The Sucker Is You

29 March 2025

There’s a saying: “If you sit in on a poker game and don’t see a sucker, the sucker is you.” Warren Buffet applies it to investing: "If you aren’t certain that you understand and can value your business far better than Mr. Market, you don’t belong in the game."

Buying a dishwasher from Costco is not like this. At Costco, you can trust that whatever’s on the shelves is a pretty good deal.

But if someone on the street offers you a deal on a dishwasher, then unless you’re a dishwasher expert—unless you’re familiar with the particular model of dishwasher, unless you understand its efficiency and reliability and longevity and whatever else, unless you know you’re getting a good deal—well, you’re getting scammed.

The key characteristics of this kind of situation (which economists would call an information asymmetry) are that the counterparty is in it for themselves and they know much more than you do.

If those things are true, then you better deeply understand what kind of deal you’re getting—or else the sucker is you.

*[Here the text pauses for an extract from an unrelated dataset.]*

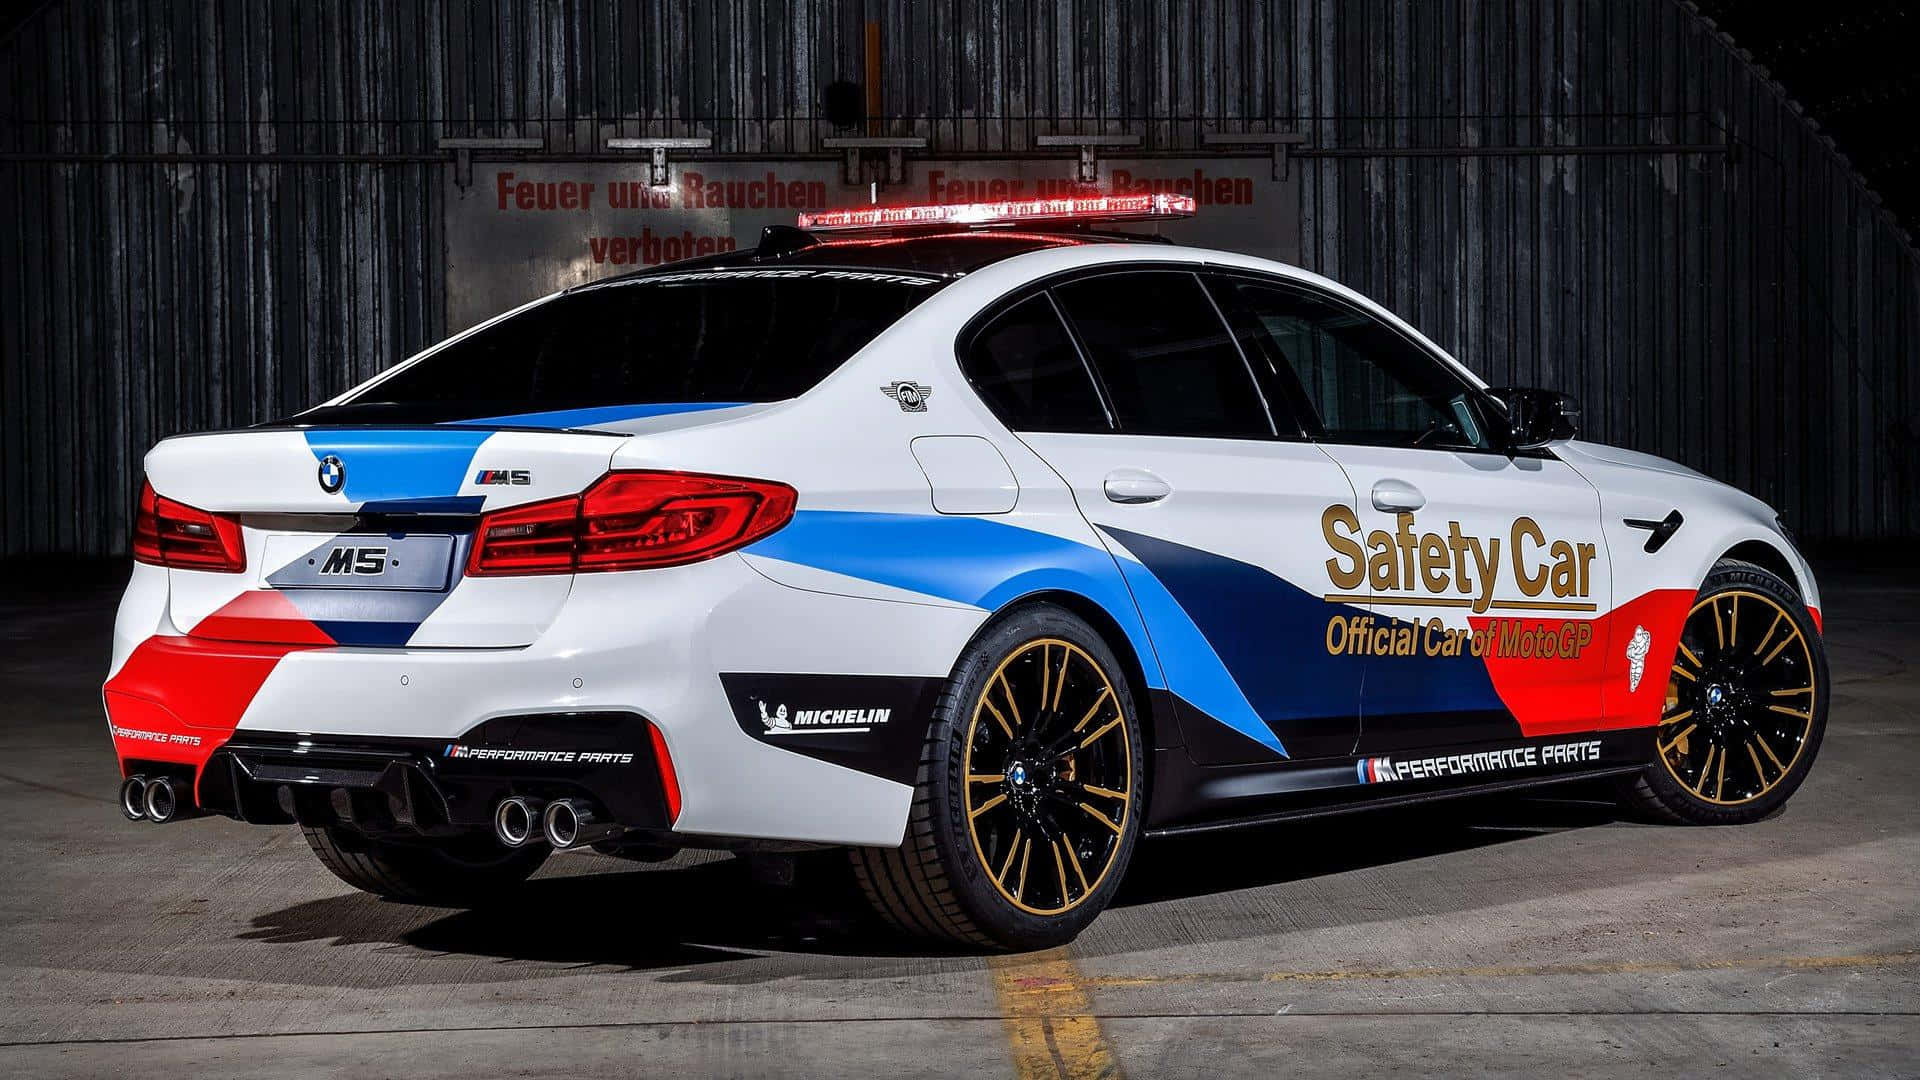 High-speed safety car on the track Wallpaper

Here are some situations where this kind of thinking is useful:

  • If you didn’t understand the waiver you signed, assume the terms are maximally unfavorable to you.
  • If you don’t know your startup equity will be worth something in an exit, assume it’s worthless.
  • If you don’t know your insurance will pay out for X, assume it won’t.
  • If you don’t know that “free-range” is a meaningful label, assume it isn’t.
  • If you don’t know your carbon offsets will counterfactually reduce carbon emissions, assume they won’t.

Deep understanding doesn’t need to mean doing your own research; it might just mean having trustworthy sources and advisors. But you better know you can trust them.